Of course, we cannot rule out convergent evolution. If indeed miRNAs have evolved independently at least 9 times among eukaryotes (Fig. 2), it is intriguing to consider what is so unique about them that will support the evolutionary pressures required to allow convergence of such a magnitude. Ctenophores certainly demonstrate that an animal with a wide variety of cell types, including neurons and muscles can exist in the absence of this class of small RNAs ¹⁸ and single-celled green algae demonstrate that miRNAs are not exclusive for “complex” multicellular organisms ²⁹. Further, the lack of classic RNAi components in some fungi and the loss of DGCR8/Pasha in Placozoa ^13,105 suggests that losing the protein machinery of the miRNA system is possible (Fig. 5) ¹³.

Taken together, we can suggest two alternative hypotheses regarding the evolution of miRNAs: 1) The miRNA pathways and their mode of action via slicing originated convergently from siRNA mechanisms in the plant and several animal lineages and a system based on seed-matching of miRNA to its targets evolved later, after bilaterians diverged from the rest of animals. 2) The common ancestor of plants and animals already had a miRNA system acting via slicing that was recruited from the siRNA system. Still, also in this scenario bilaterian animals have evolved a derived system based on seed-matching. In both scenarios the siRNA system evolved to protect cells from viruses and transposons and was adapted to post-transcriptional regulation of gene expression by targeting mRNAs.

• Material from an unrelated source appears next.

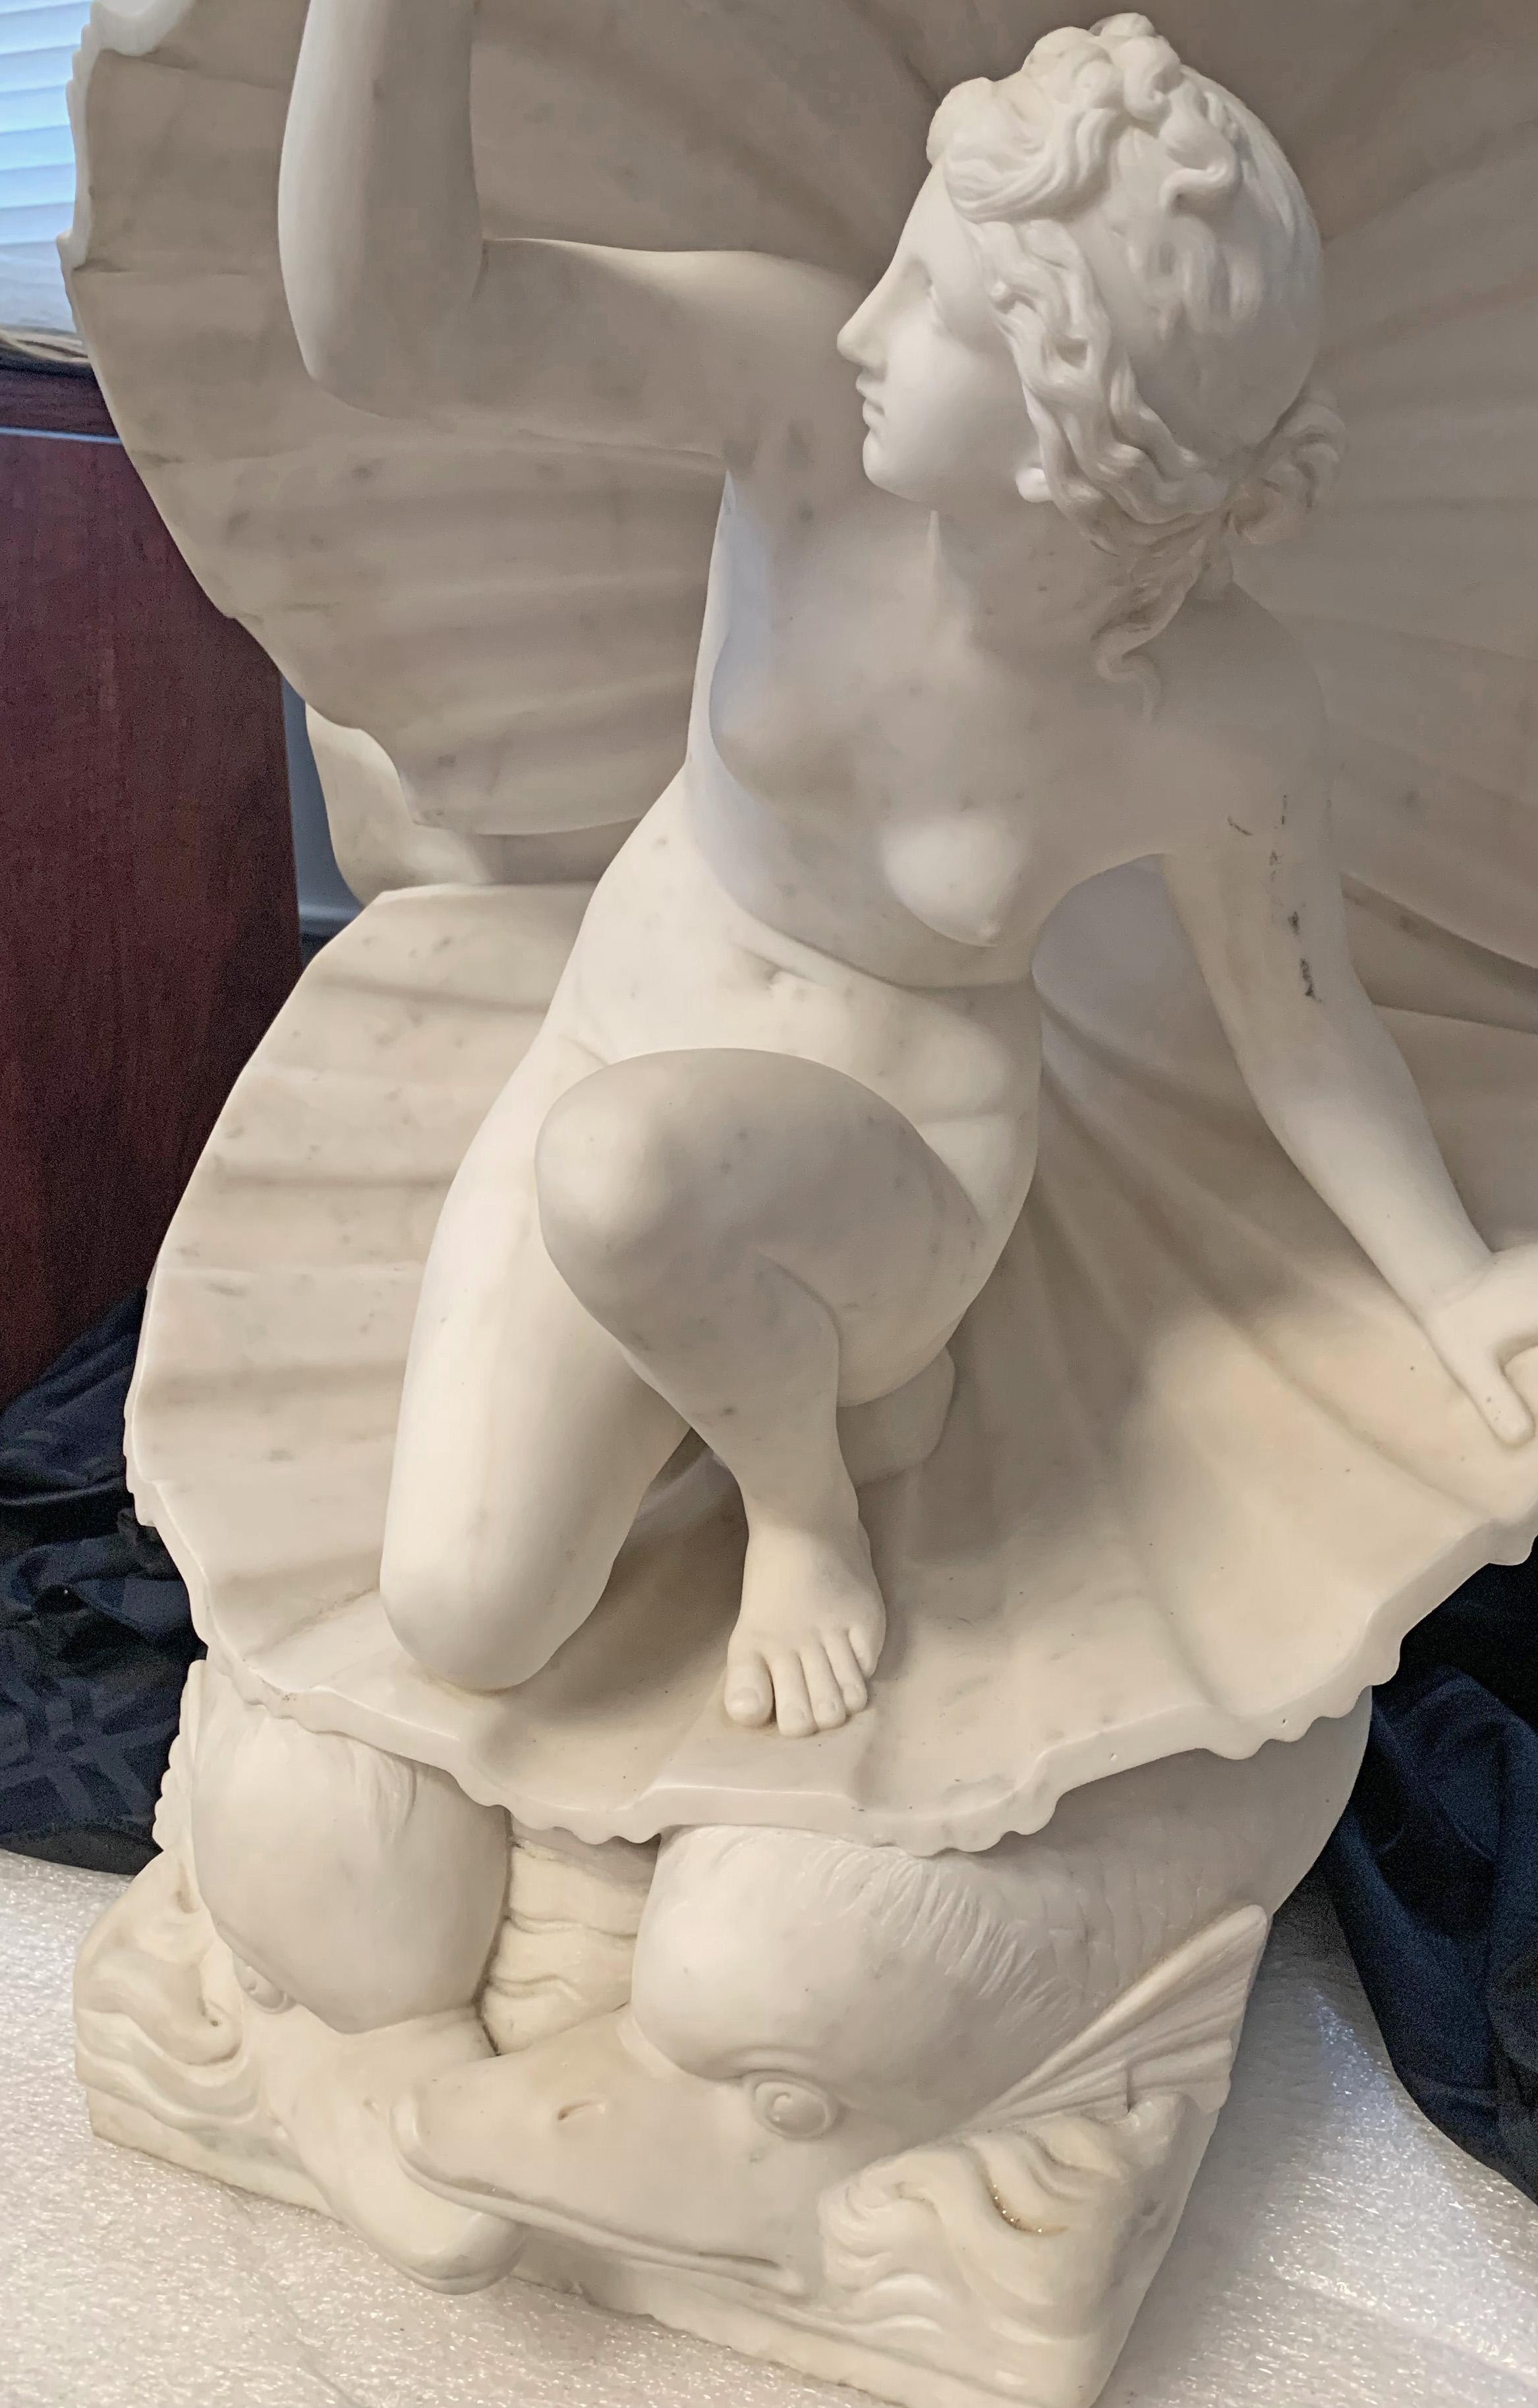 Exquisément sculptée, probablement par un artiste italien, cette belle et charmante sculpture en marbre représente une Vénus nue émergeant d'une coquille Saint-Jacques, le tout soutenu par un couple de dauphins. Les détails du visage, du torse, des

Given the recent new findings, we favor the hypothesis of a common origin of miRNAs in plants and animals (Fig. 5). To further test this idea, biochemical and genetic methods are required to map the mode of action and the biogenesis pathway of miRNAs in groups beyond bilaterian animals and higher plants. We believe that some of the key points to study in the near future should be:

• Test whether miRNAs in basally-branching lineages such as sponges or algae cleave their targets.

• Test whether the cnidarian HYL1 proteins, known to be involved in miRNA biogenesis in plants, are also involved in biogenesis of miRNAs in Cnidaria.

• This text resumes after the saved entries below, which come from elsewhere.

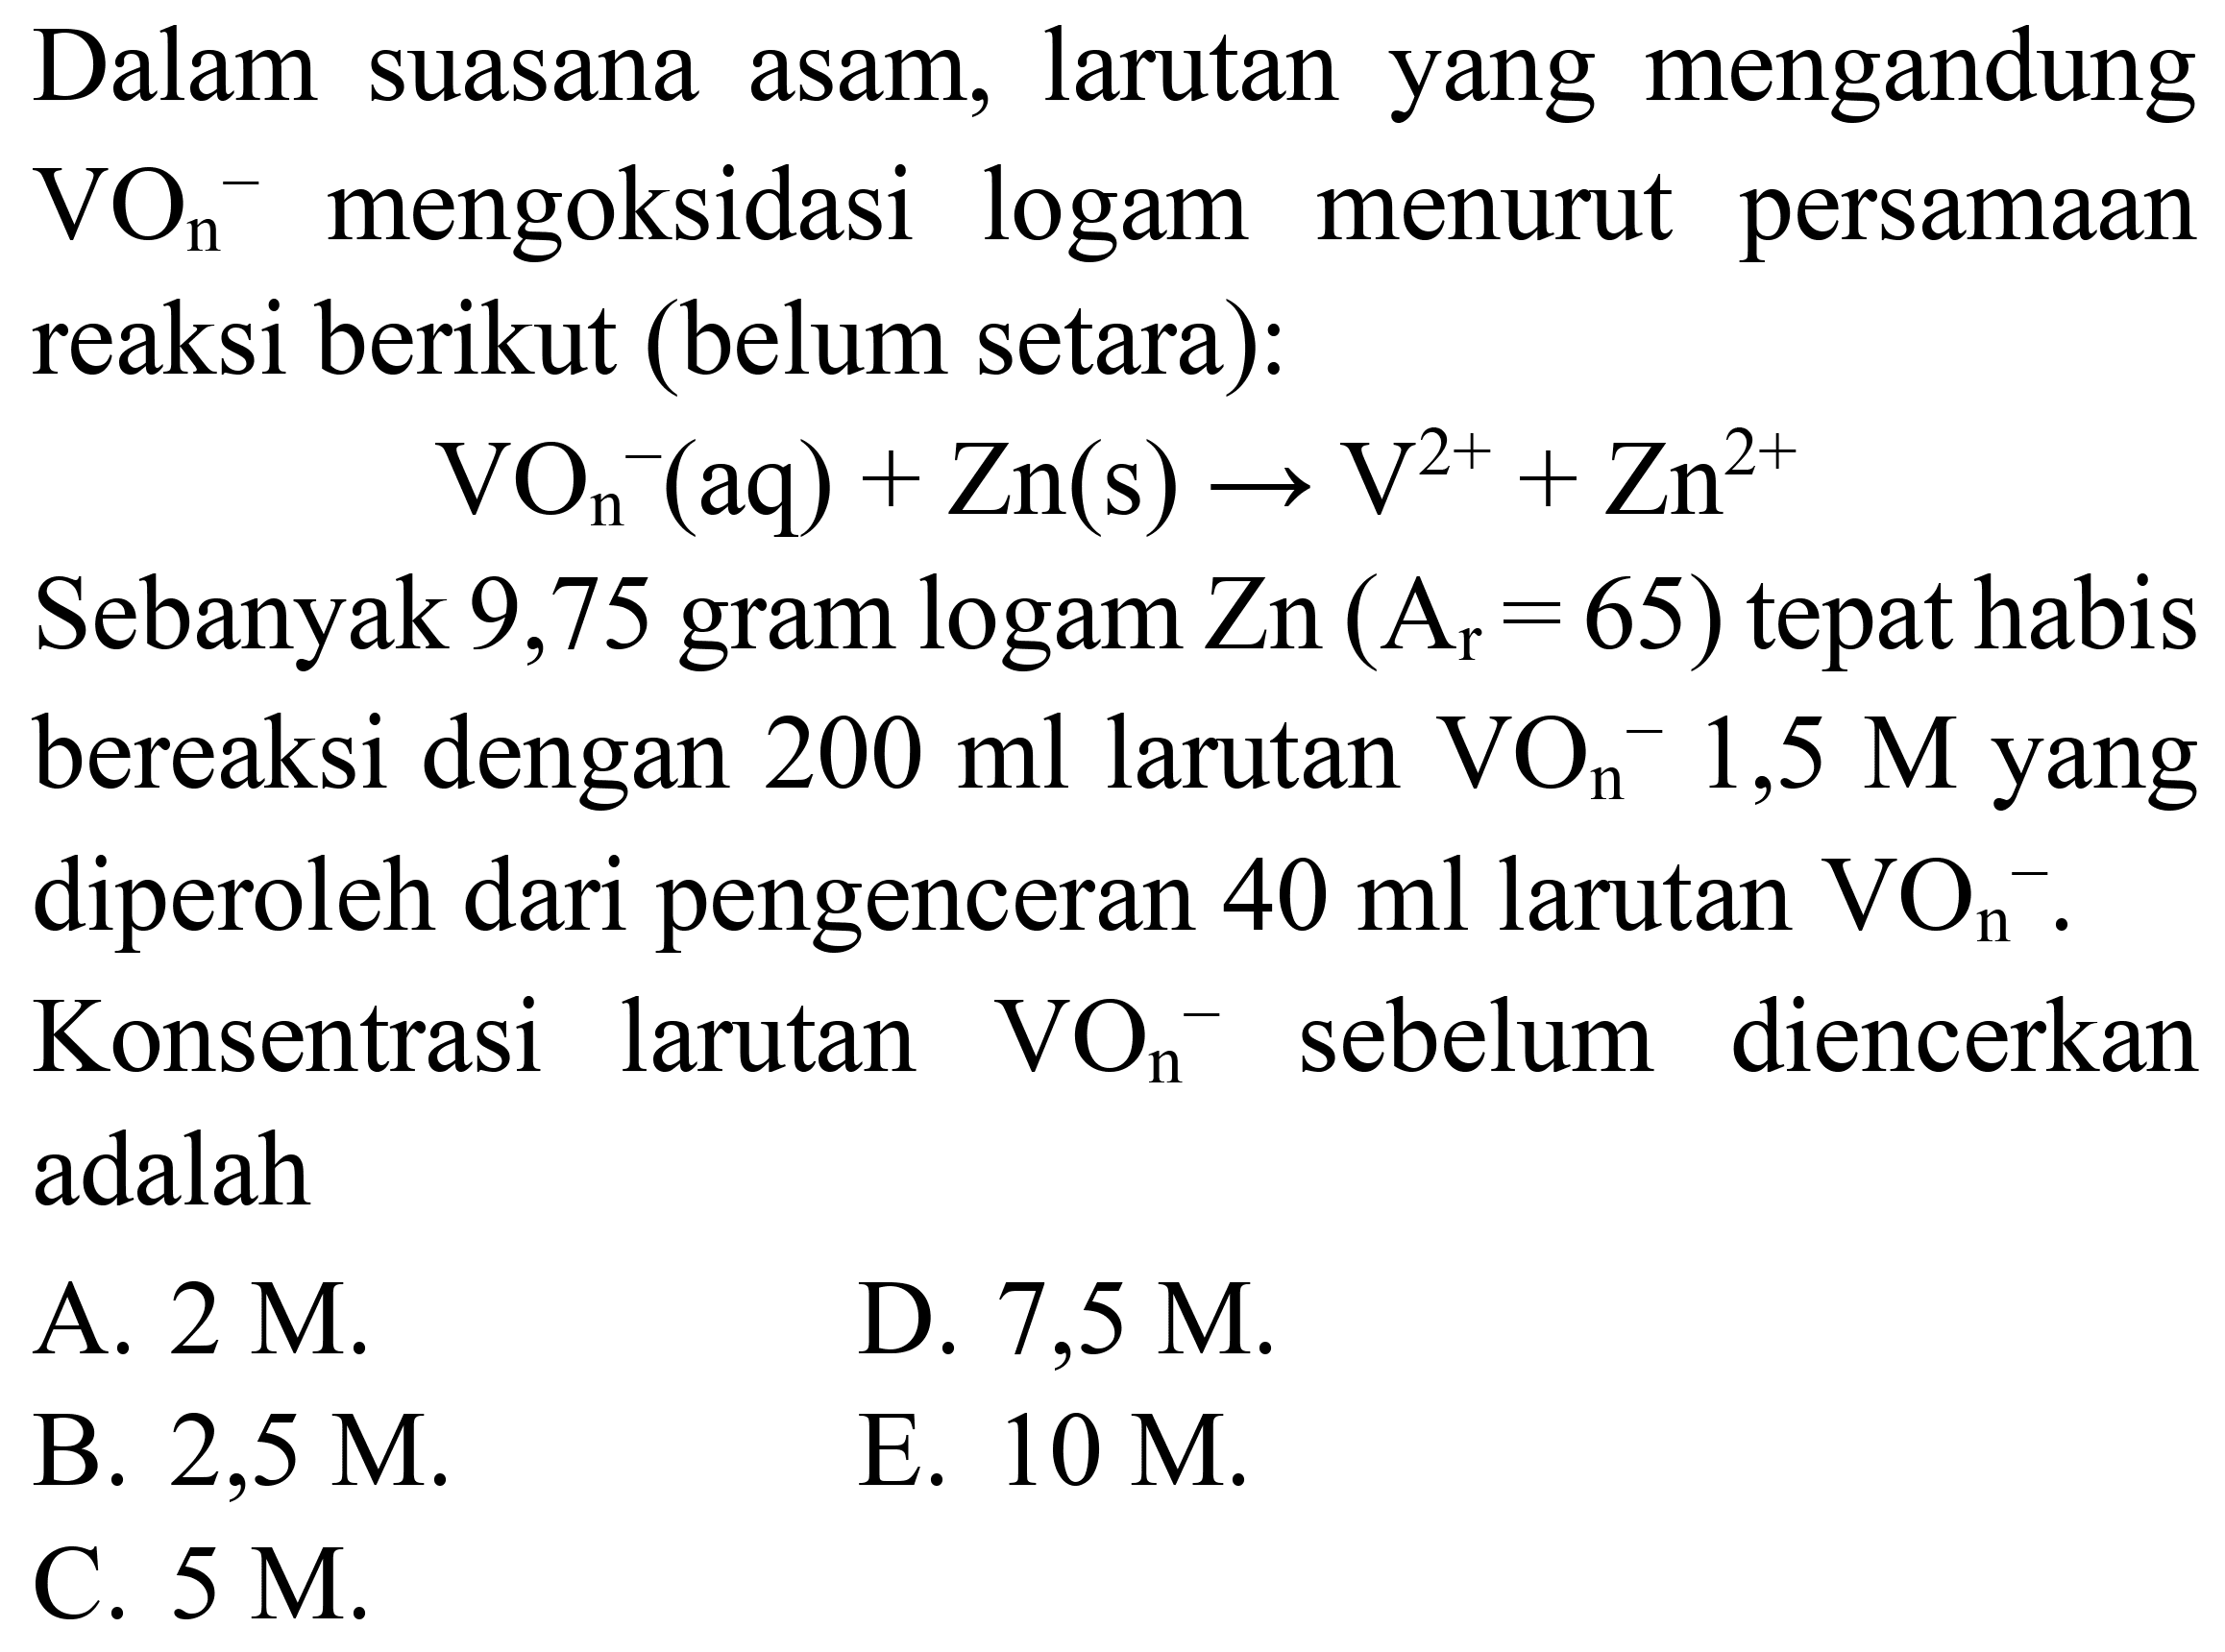 Dalam suasana asam, larutan yang mengandung  VO_(n)/( )^(-) mengoksidasi logam menurut persamaan reaksi berikut (belum setara):

VO_(n)/( )^(-)(aq)+Zn(s) -> V^(2+)+Zn^(2+)

Sebanyak 9,75 gram logam  Zn(A_(r)=65)  tepat habis bereaksi dengan  200 ml  larutan  VO_(n)^(-) 1,5 M  yang diperoleh dari pengenceran  40 ml  larutan  VO_(n)/( )^(-) . Konsentrasi larutan  VO_(n)^(-) sebelum diencerkan adalah
A.  2 M .
D.  7,5 M .
B.  2,5 M 
E.  10 M .
C.  5 M .

• Assess the impact of the slicing versus the seed-matching mechanism on the gene regulatory networks in animals and plants.

• Test whether homologous miRNA-related proteins in algae are indeed functional in the miRNA pathway.

• Sequence small RNAs at an adequate depth from more eukaryotic lineages and annotate them as miRNAs according to widely accepted guidelines to reveal pattern of evolutionary turnover.

When those five points are met, we might get a better understanding of the evolution of the miRNA pathway in eukaryotes and answer the question of how ancient is this system.